A deck, in Southern California home improvement parlance, most often is a redwood structure hanging off the second floor of a home or cantilevered out over a hillside.
A patio, on the other hand, usually is a flat concrete slab at ground level.
But it doesn't have to be so.
A deck can be built just about anywhere a patio can be poured, and the warmth and texture of wood, combined with its relatively easy maintenance, makes a wonderful replacement for concrete.
And for the do-it-yourselfer, a ground-level deck isn't all that difficult or expensive to build.
When Michael and Lois Mirkovich moved from a tiny Balboa Island apartment to a 1,200-square-foot condominium in Irvine's University Town Center, creating an outdoor area was a priority. They wanted to extend their space for entertaining, exercising and relaxing, and provide a clean, safe place for their son, Adam, to play.
The two-bedroom condo had only a small rear yard--no hillsides and no upstairs family room to give access to a second-floor deck.
Still, the Mirkovichs, neither of whom was enamored with concrete, decided to install a wooden deck. They just put it where most people put a patio.
The result, after six weekends of work: a beautiful herringbone-patterned redwood deck-cum-patio, fitted neatly into a pocket of yard framed on three sides--by the window wall of the living room, the sliding glass doors of the dining room and the stucco fence that separates the Mirkovichs' back yard from the neighbor's. The deck extends out an additional 6 feet into the main portion of the rear yard, giving it an overall dimension of 12-by-16 feet.
Michael Mirkovich, an attorney, decided to tackle the project himself because he enjoys working with his hands.
He had learned construction skills when, after graduating from UC Santa Barbara with a master's degree in social ecology, he was recruited to play water polo in Australia for the University of Queensland club team in 1976-77. "I played water polo for free," he recalls. "They got me a construction job to pay the bills."
But almost anyone who can swing a hammer and handle a power saw can follow the Mirkovichs' example and build a lasting and good-looking ground-level deck.
The 12-by-16-foot deck described below will cost between $1,000 and $1,200 to build yourself, which is competitive with the cost of hiring a contractor to put in a standard concrete patio. "And aesthetically, it is so much nicer," Mirkovich says.
Not only do the wide, "V"-shaped herringbone pattern and the warm reddish color of the wood give the deck a level of character that few concrete patios can match, it also wears well.
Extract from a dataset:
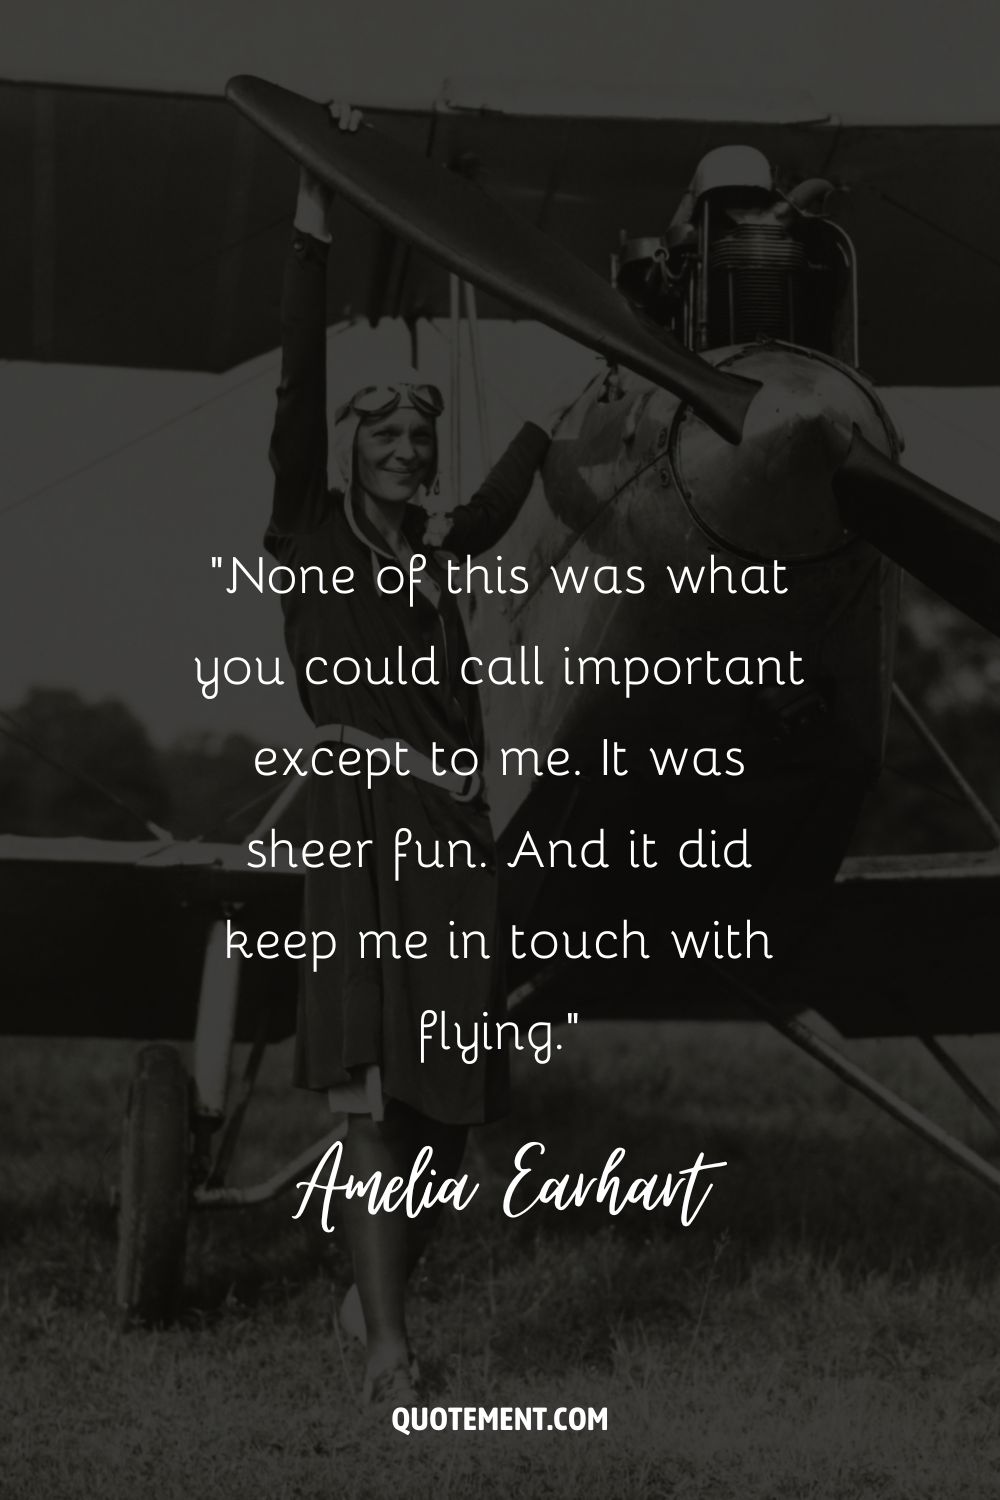 “None of this was what you could call important except to me. It was sheer fun. And it did keep me in touch with flying.” ― Amelia Earhart, The Fun of It

Wood doesn't crack or chip at the edges like concrete. And Mirkovich avoided a common deck maintenance problem by refraining from painting or staining the deck. Instead, he applied clear water seal to each board before fitting the pieces together. All he does to keep the decking looking its best is to swab on a new coat of water seal every 6 months--a process that takes less than 2 hours.
To keep the deck level with the floor of the house and still avoid the rotting and warping that will occur if wood is placed directly in contact with the earth, Mirkovich built it on a series of prefab concrete piers with mounting brackets for 4-by-4s. After installing the piers, he laid a layer of plastic sheeting on the ground to keep weeds from growing and to serve as a moisture barrier.
To avoid attaching the deck to the house so there would be no building code problems and no chance of water running indoors, Mirkovich built it as a free-standing structure.
Here's how you can do it:
(Because building codes differ from city to city and the characteristics of each project can vary widely, use these instructions only as a guide, making sure your project complies with your local building codes.)
1. Instead of fastening a portion of the framing to the walls or foundation of your house, install prefab piers so that the mounting brackets are about 4 inches from the wall. Set them so only an inch remains above ground. If your lot slopes, adjust the depth at which the piers are buried so the exposed tops are level. The distance between piers should be 5 to 6 feet. A line level, attached to a length of heavy string that is fixed to the house at floor level, is the best device for leveling the piers. A slight slope away from the house will keep rain water from running inside.
2. Cut treated fir 4-by-4s to the appropriate length. Measure the distance between the ground and the level of your home's floor, subtract the 1 1/2-inch thickness of the decking boards and the distance the piers extend above ground level.